__RECORDED INFORMATION__:
[Start of section]

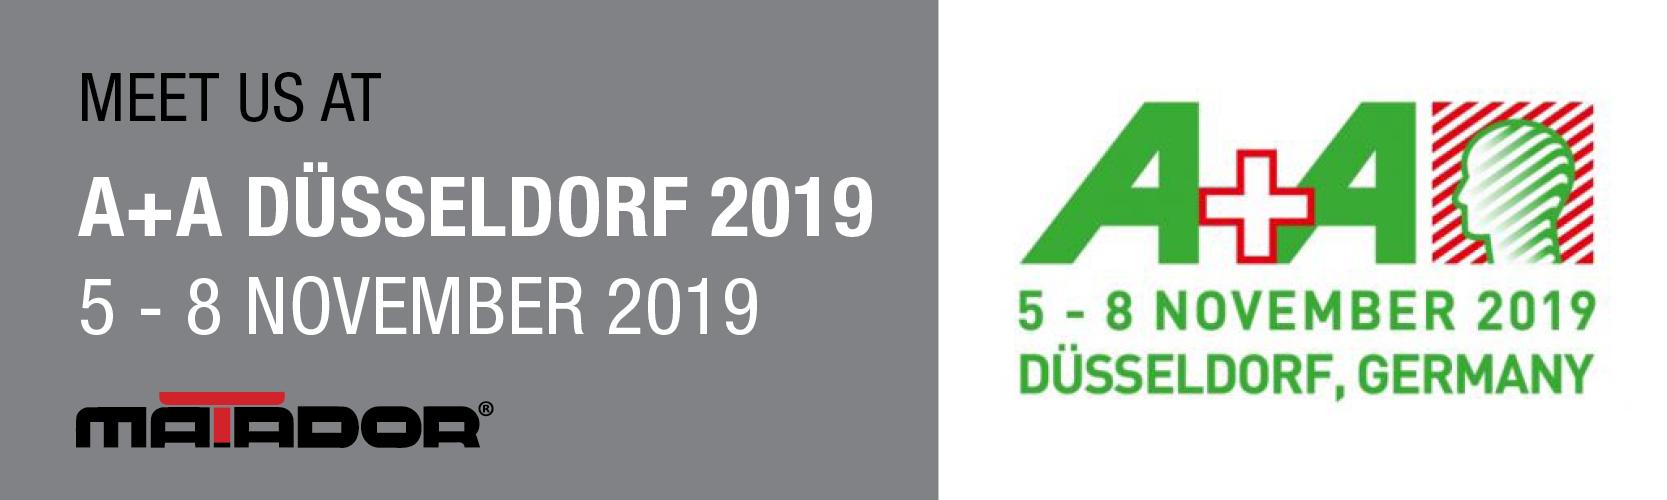 A+A-Dusseldorf-05-08-2019
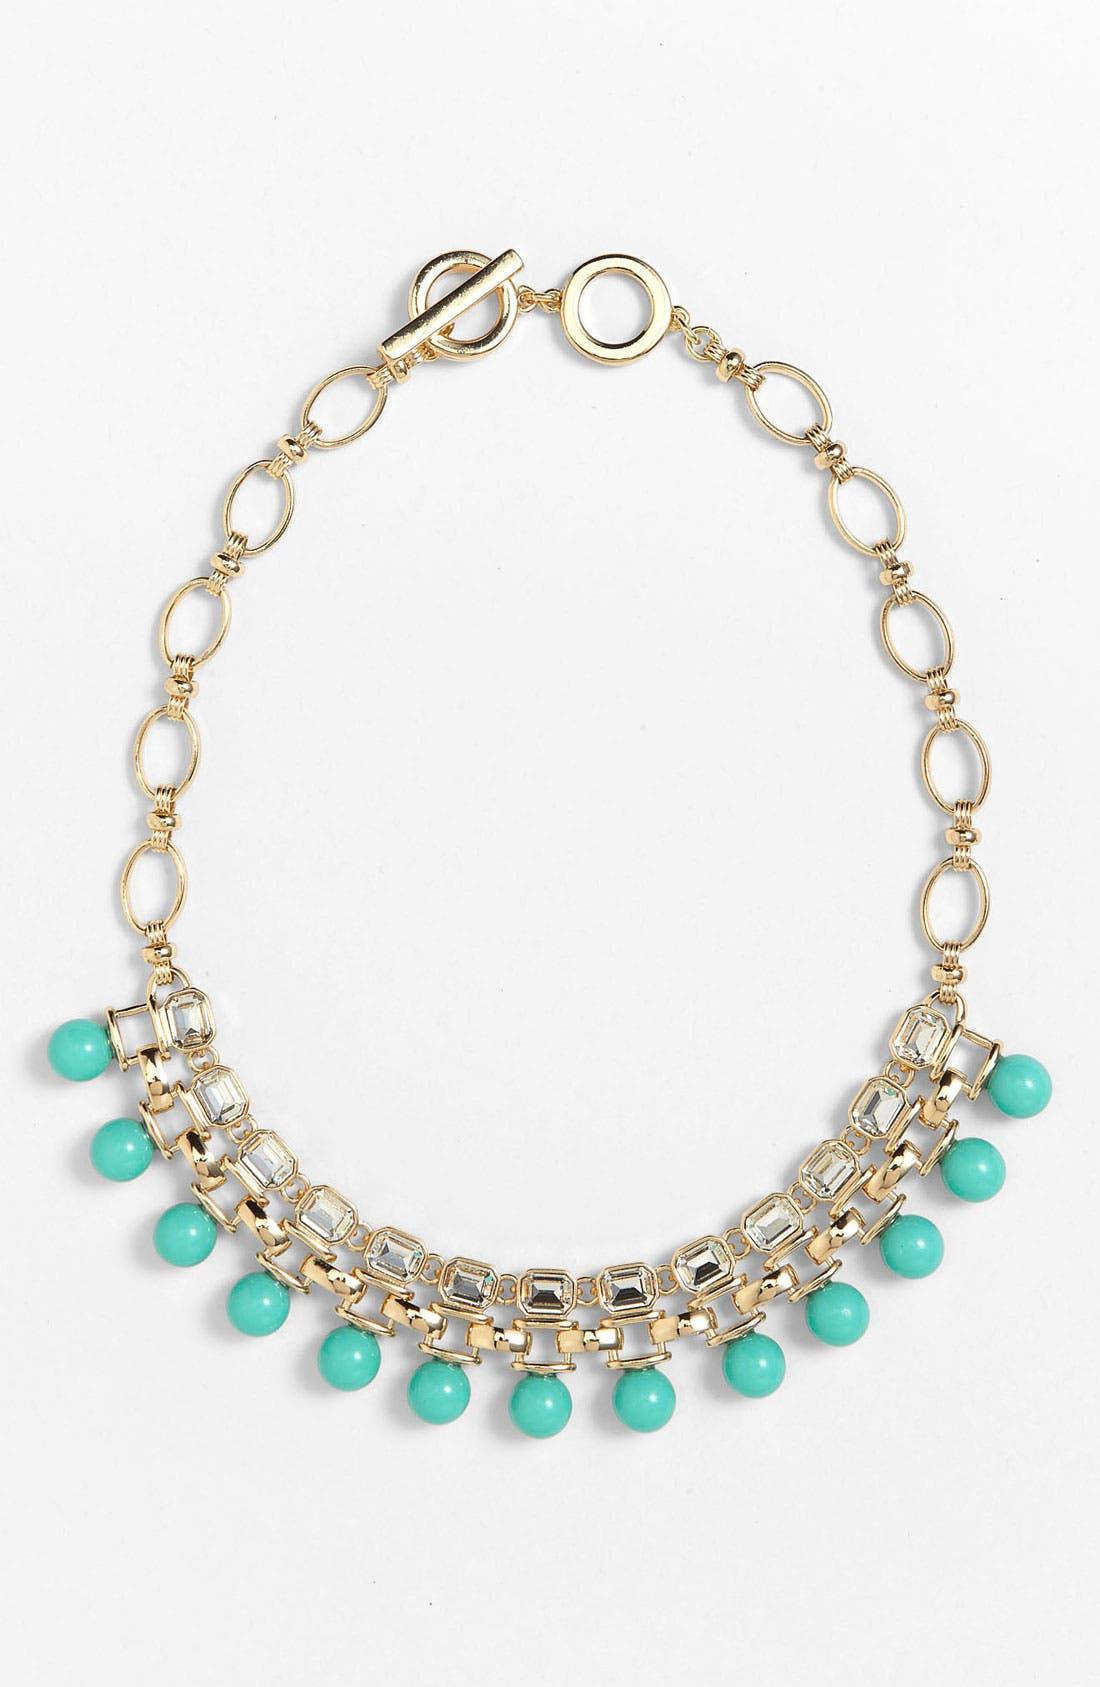 Alternate Image 1 Selected - Anne Klein 'Sorbet' Bib Necklace
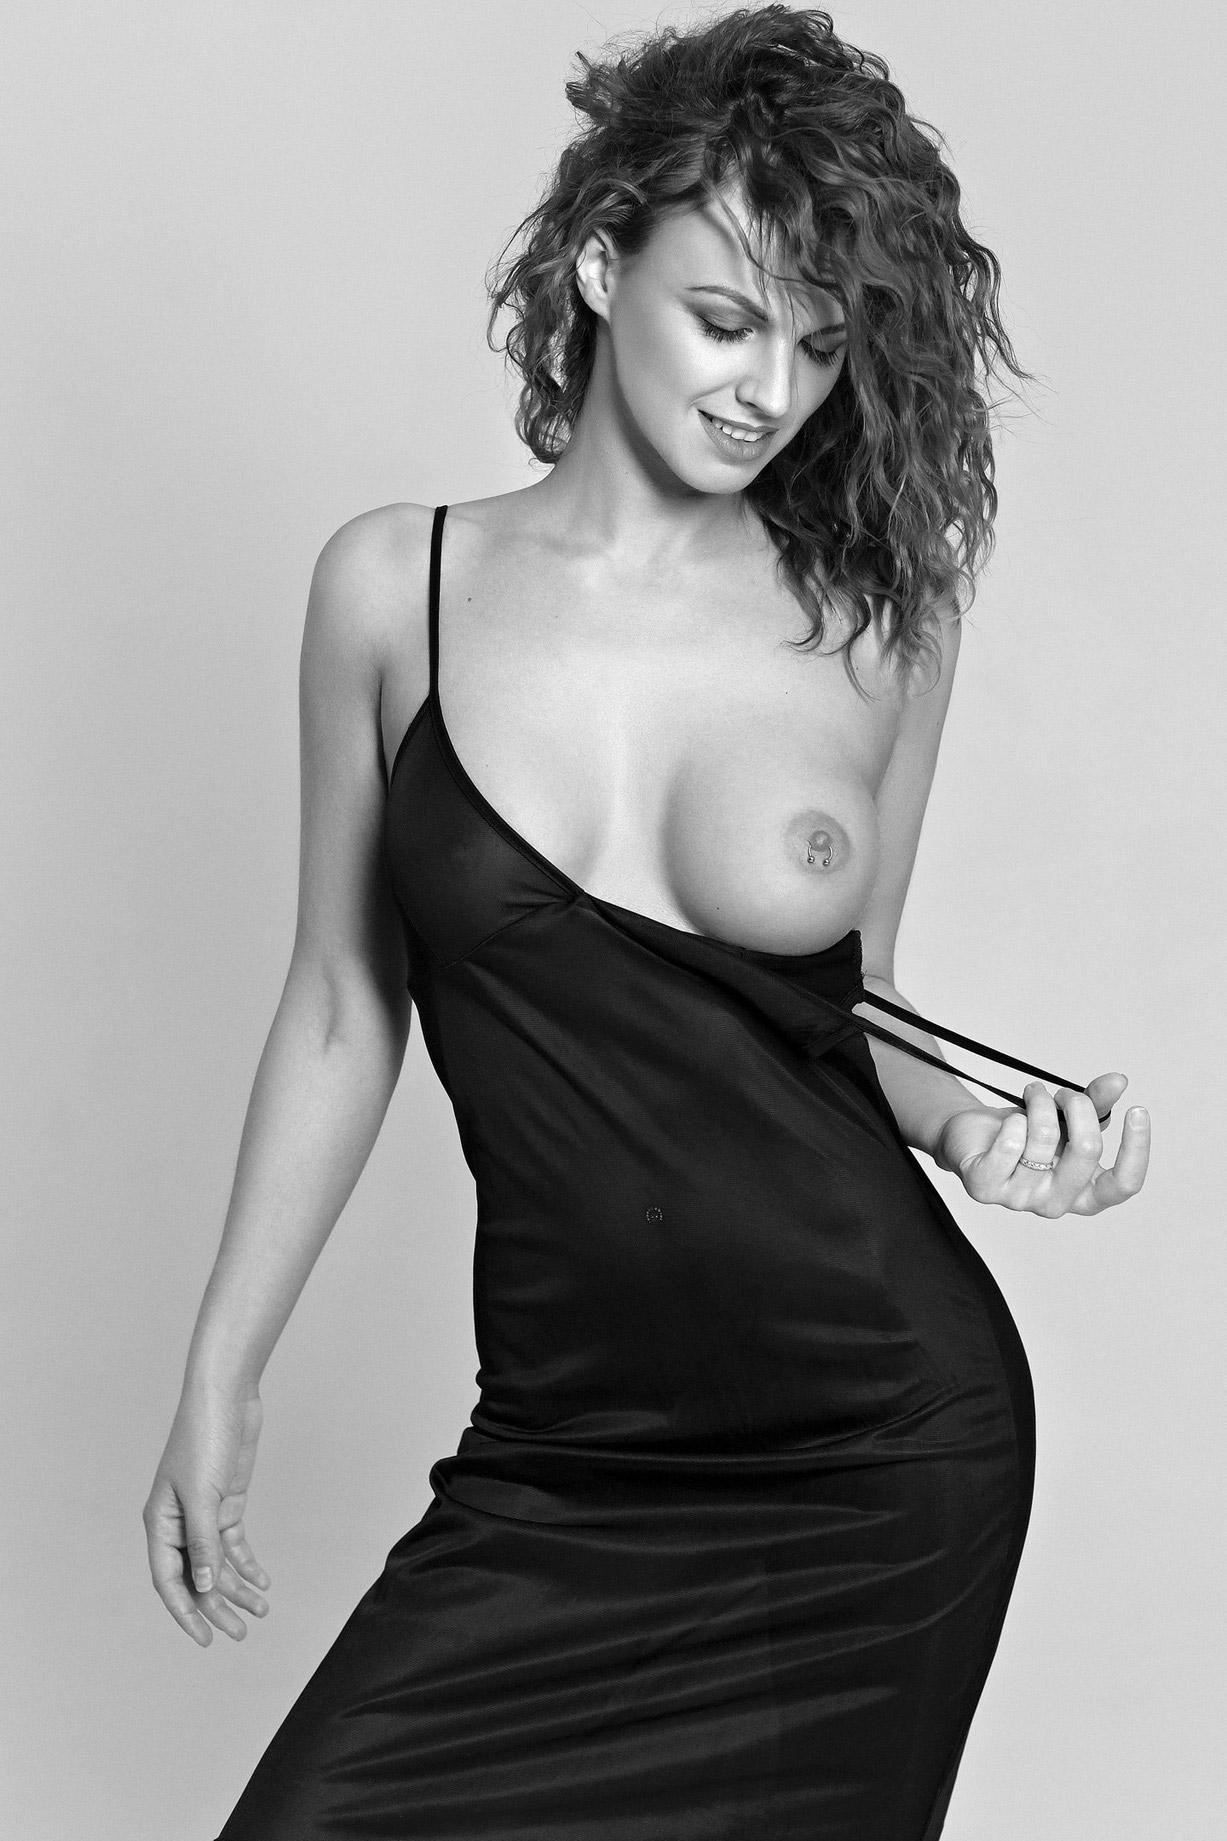 Inna Kushnir / Nessie Joy nude by Nico Pirosmani
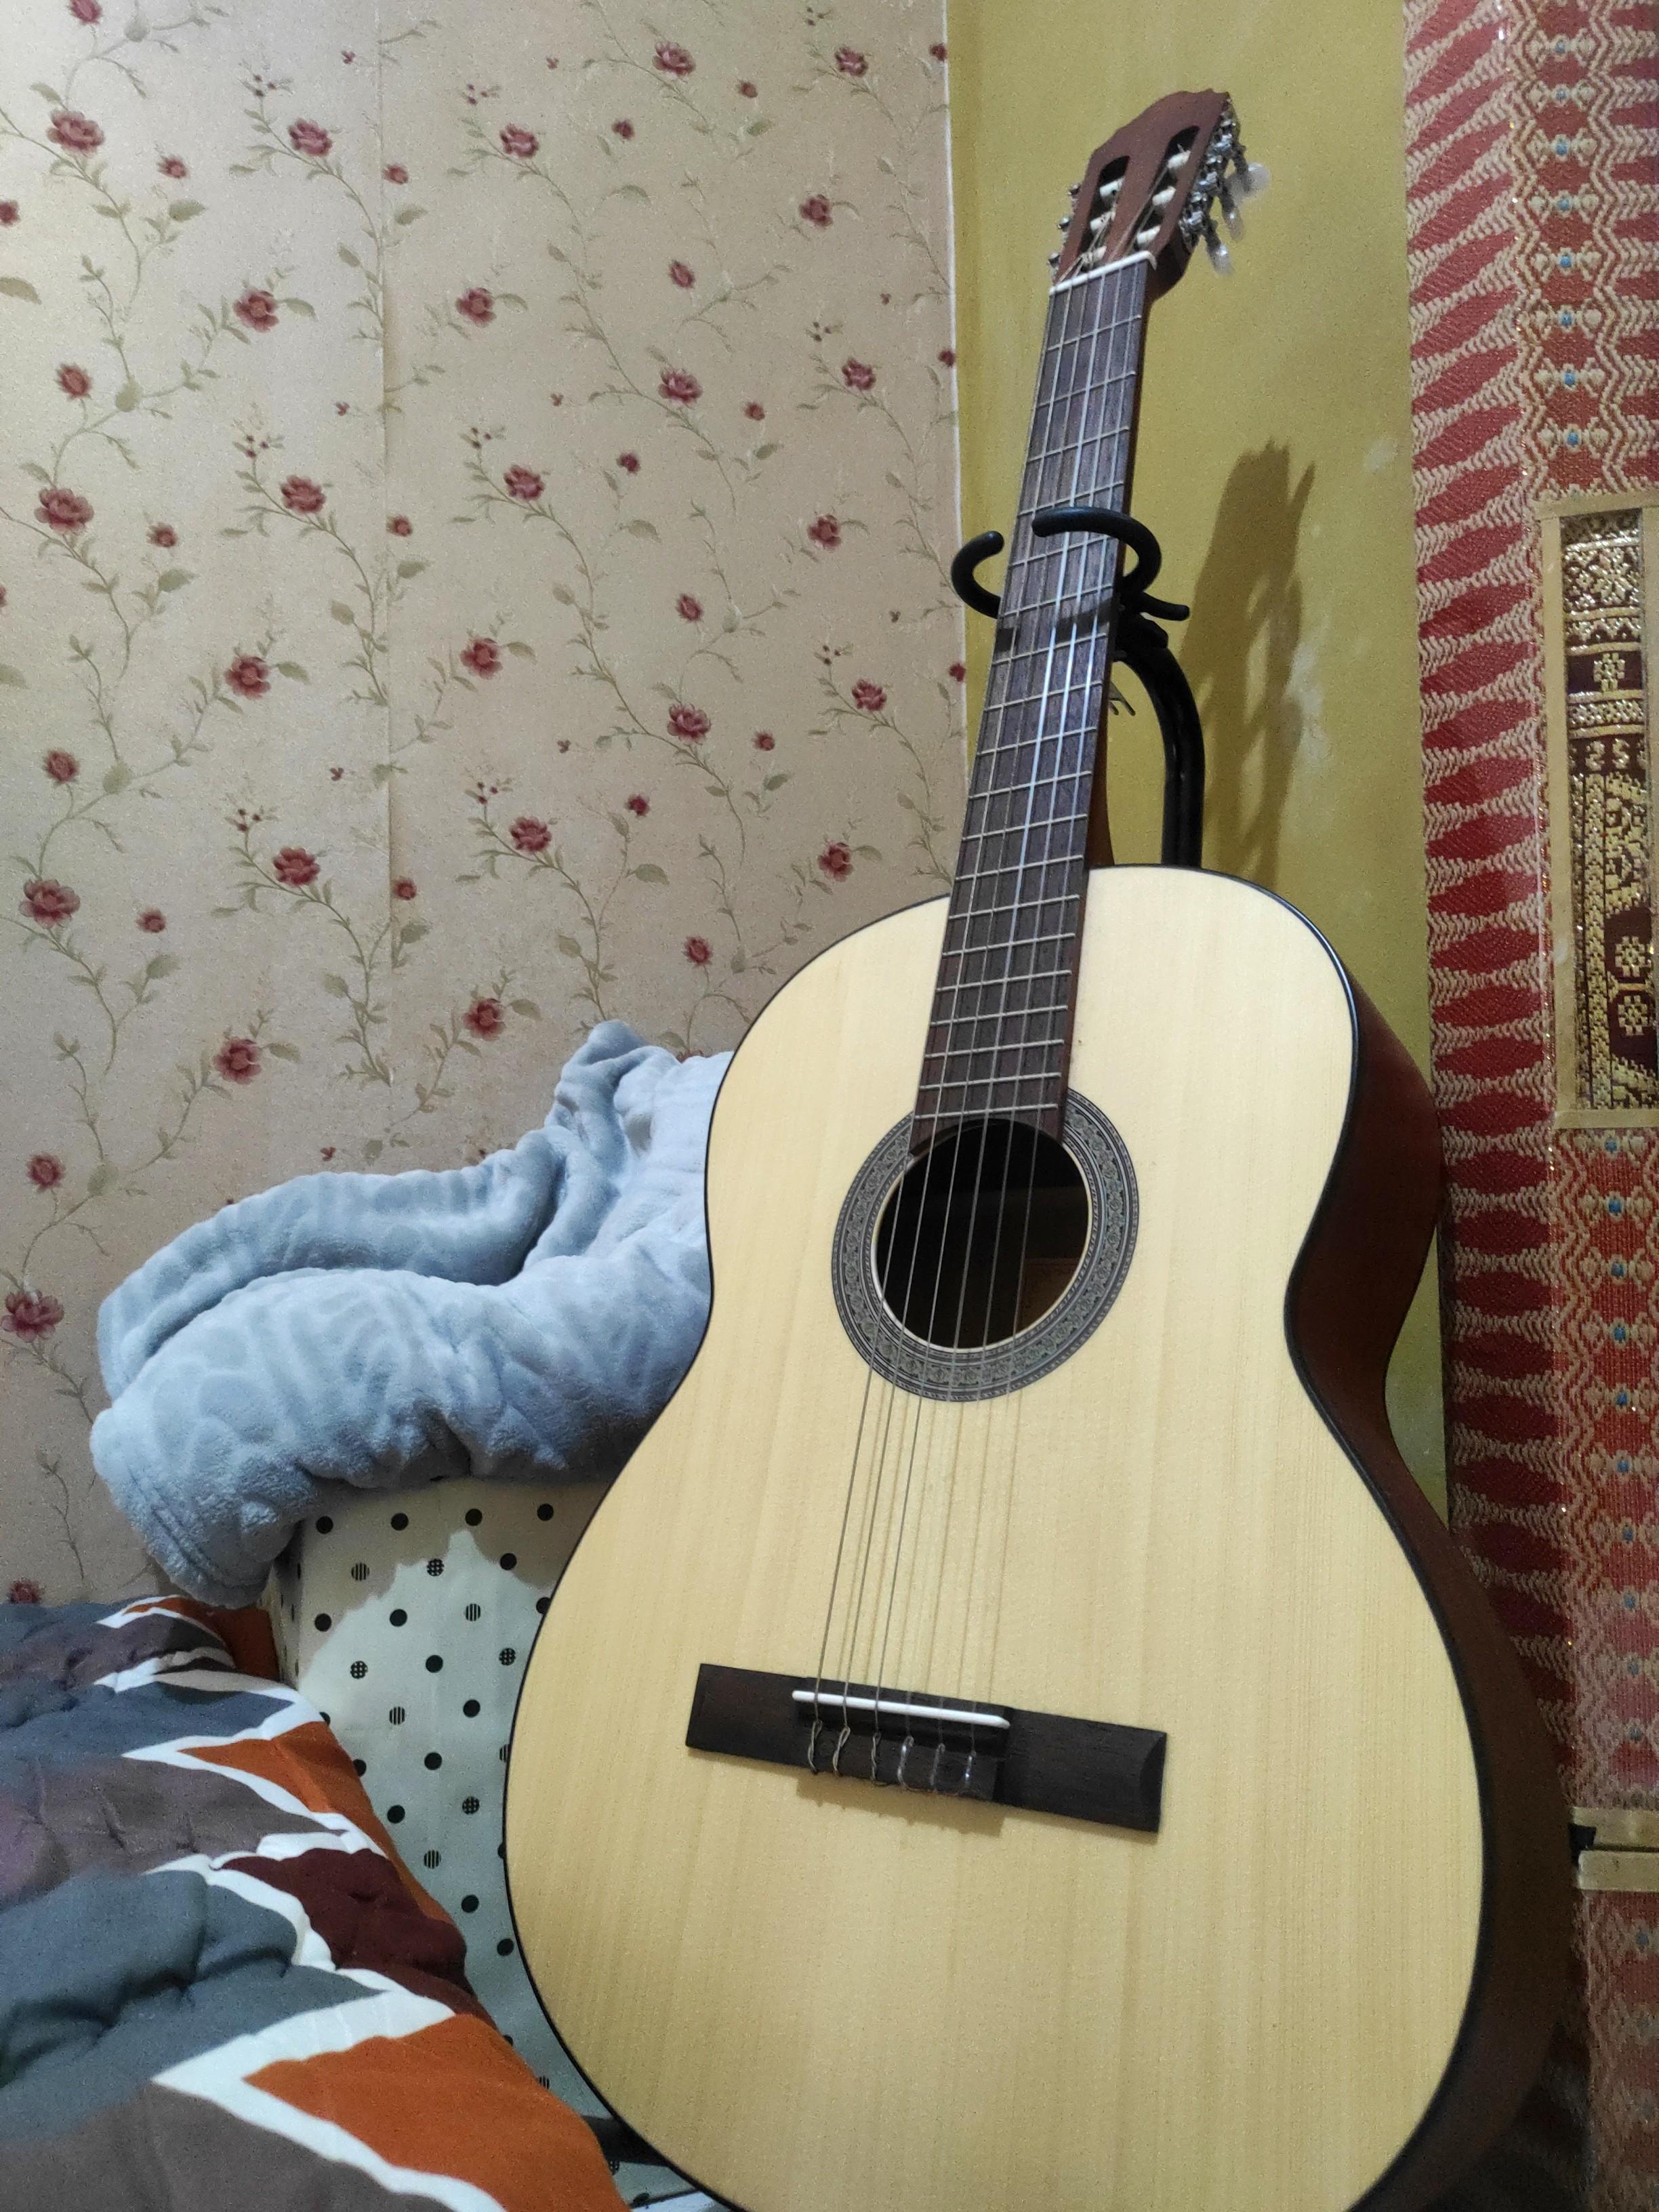 Cort Guitar AC100 0P + Stand Guitar + Capo + Guitar Bag

[End of section]

__WHAT YOU SHOULD DO__: Pictures included in the data should be dropped; everything else must be repeated exactly.

__RESULT BELOW__:
 A+A-Dusseldorf-05-08-2019
 Alternate Image 1 Selected - Anne Klein 'Sorbet' Bib Necklace
 Inna Kushnir / Nessie Joy nude by Nico Pirosmani
 Cort Guitar AC100 0P + Stand Guitar + Capo + Guitar Bag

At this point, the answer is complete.